**Data**
BEGIN

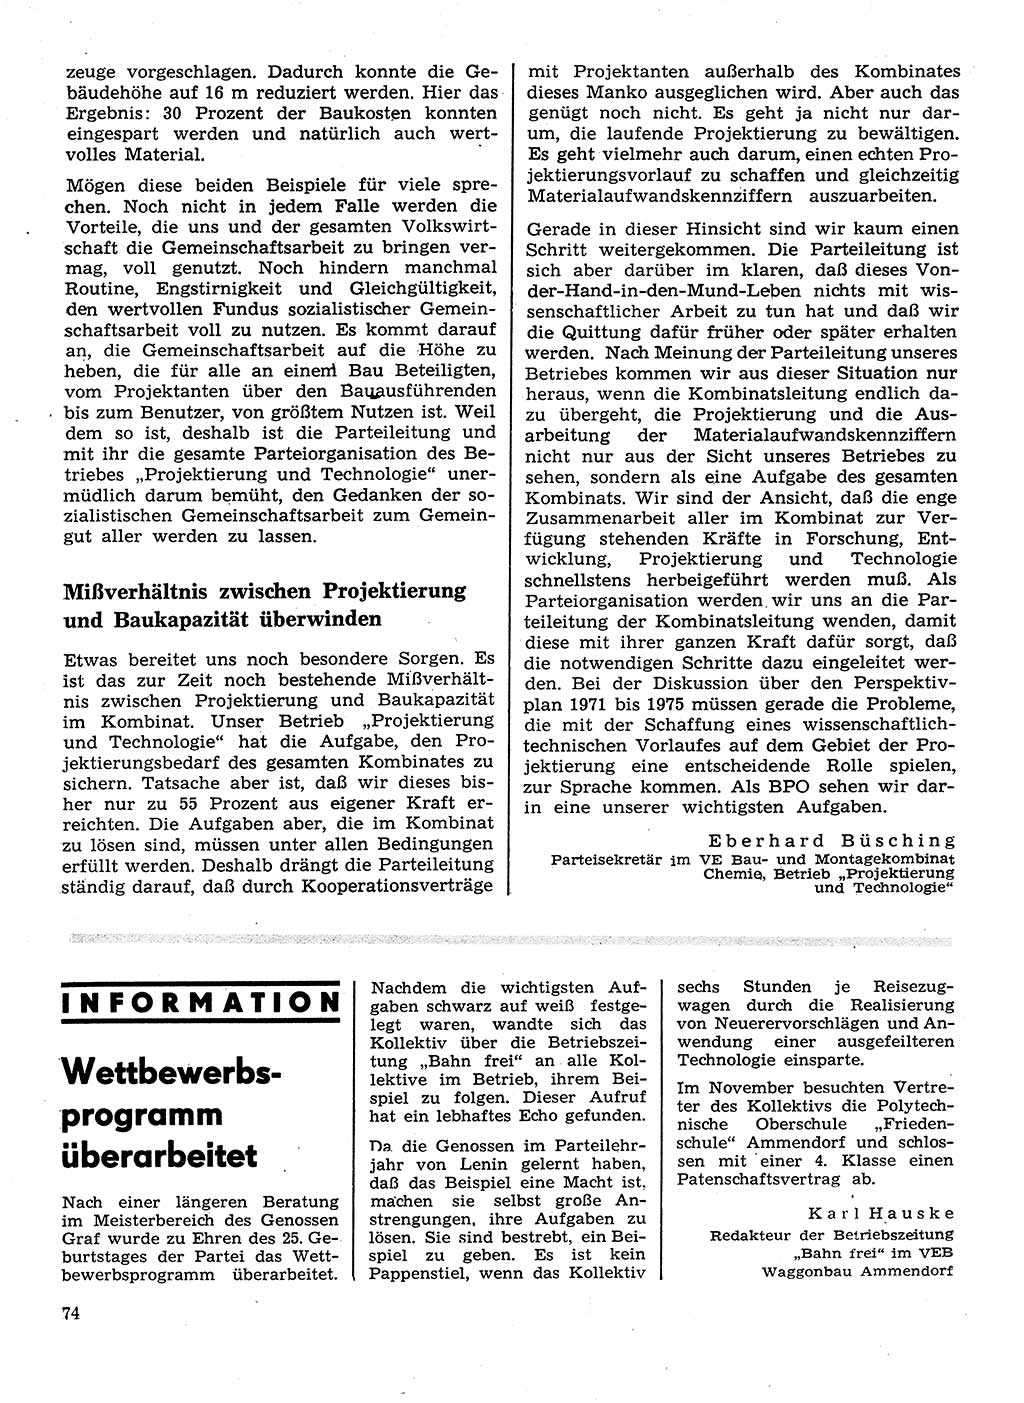 Neuer Weg (NW), Organ des Zentralkomitees (ZK) der SED (Sozialistische Einheitspartei Deutschlands) für Fragen des Parteilebens, 26. Jahrgang [Deutsche Demokratische Republik (DDR)] 1971, Seite 74 (NW ZK SED DDR 1971, S. 74)
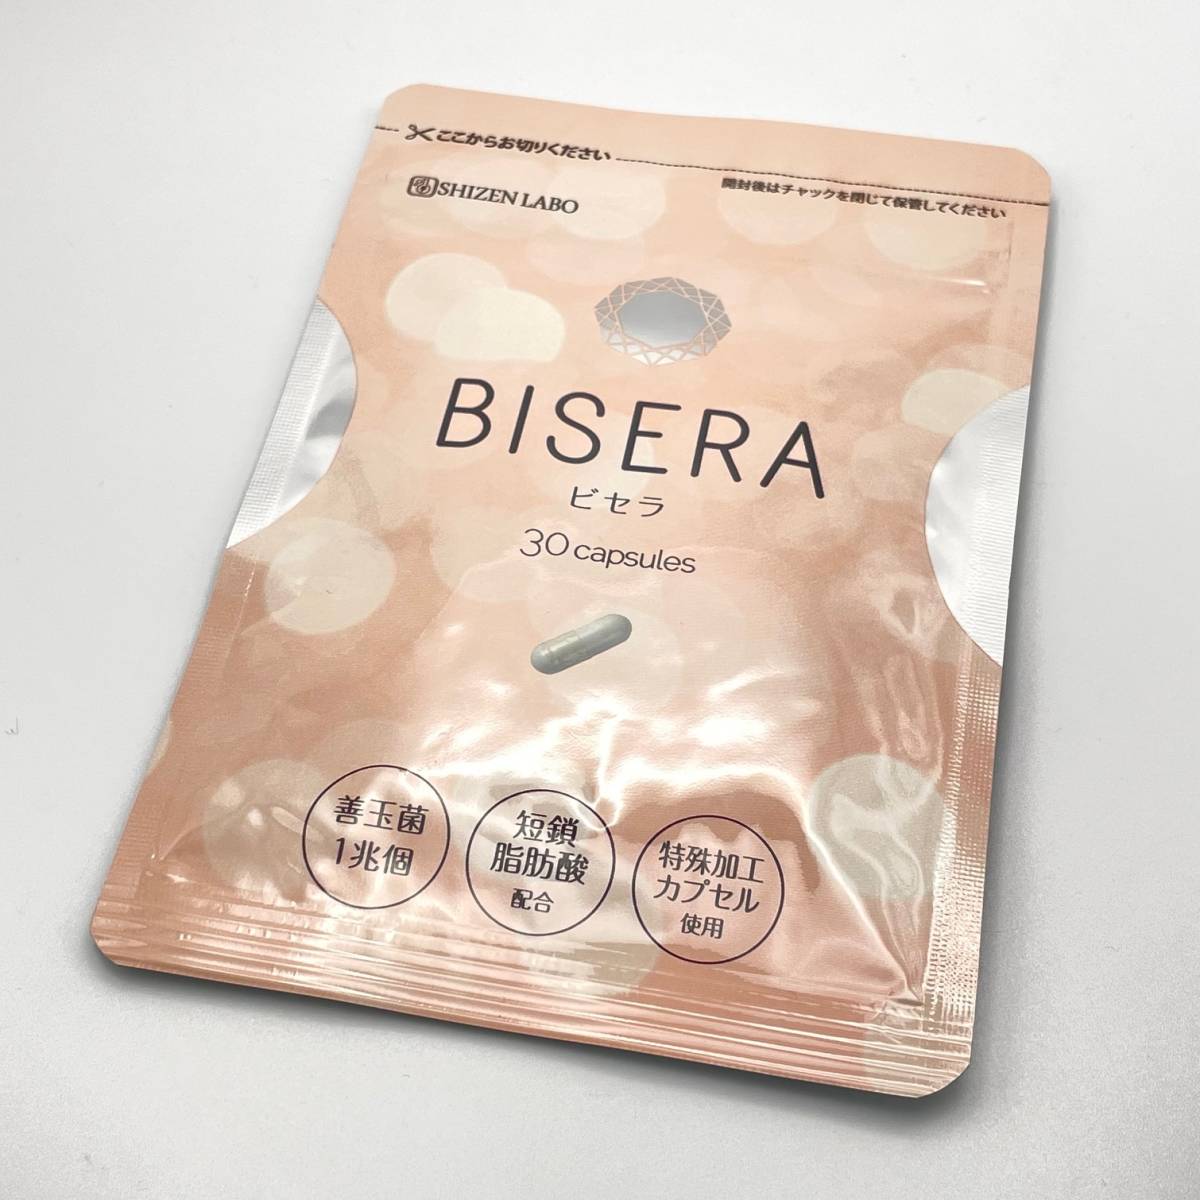 未開封品BISERA 30 capsules ビセラ30粒善玉菌短鎖脂肪酸特殊加工カプセルSHIZEN LABO 自然派研究所|  JChere雅虎拍卖代购
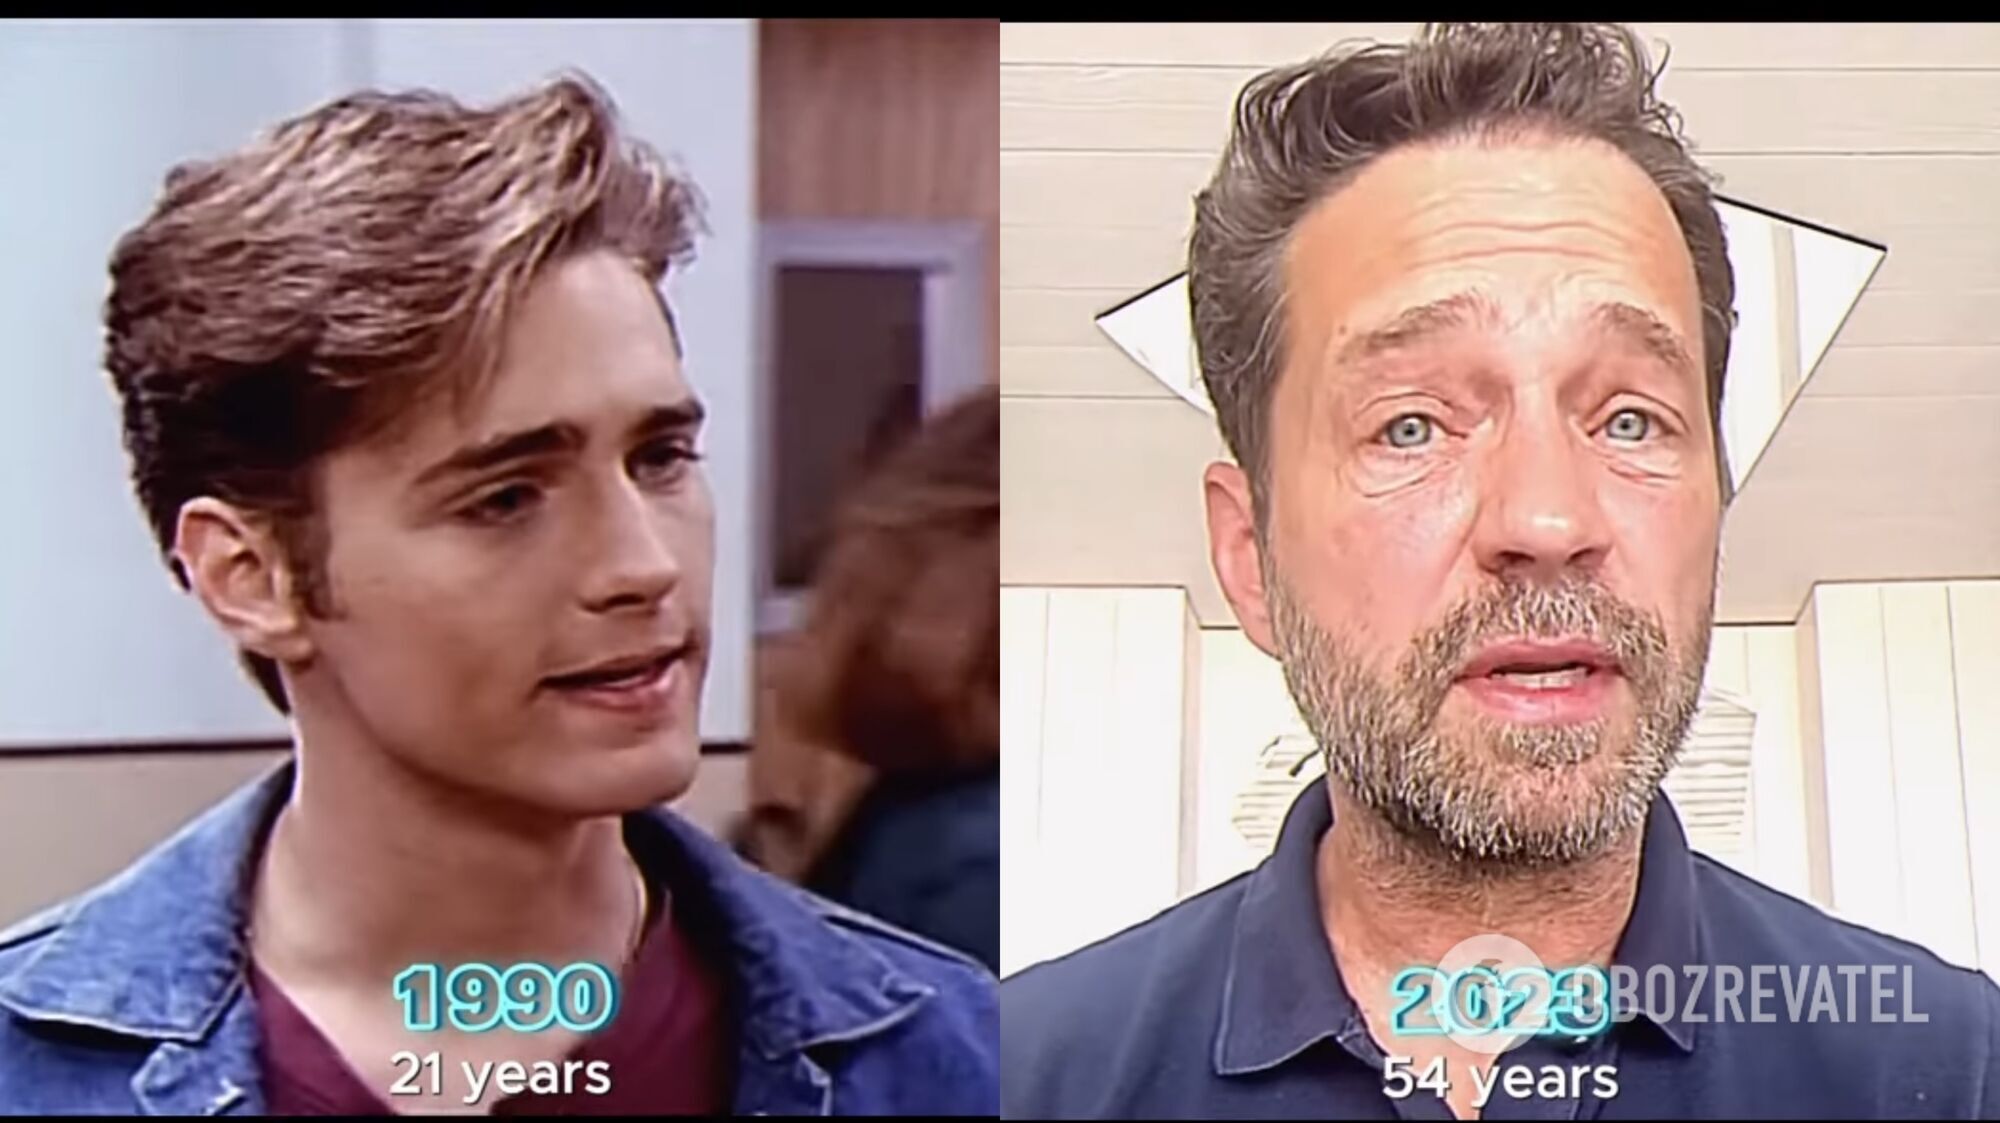 "Кучерявый в свои 60 выглядит идеально": как состарились актеры из культового сериала "Беверли-Хиллз, 90210"

END

**What the task asks**
Retype the data above exactly; pictures are not part of the copy.

**Response box**
 Neuer Weg (NW), Organ des Zentralkomitees (ZK) der SED (Sozialistische Einheitspartei Deutschlands) für Fragen des Parteilebens, 26. Jahrgang [Deutsche Demokratische Republik (DDR)] 1971, Seite 74 (NW ZK SED DDR 1971, S. 74)
 未開封品BISERA 30 capsules ビセラ30粒善玉菌短鎖脂肪酸特殊加工カプセルSHIZEN LABO 自然派研究所|  JChere雅虎拍卖代购
 "Кучерявый в свои 60 выглядит идеально": как состарились актеры из культового сериала "Беверли-Хиллз, 90210"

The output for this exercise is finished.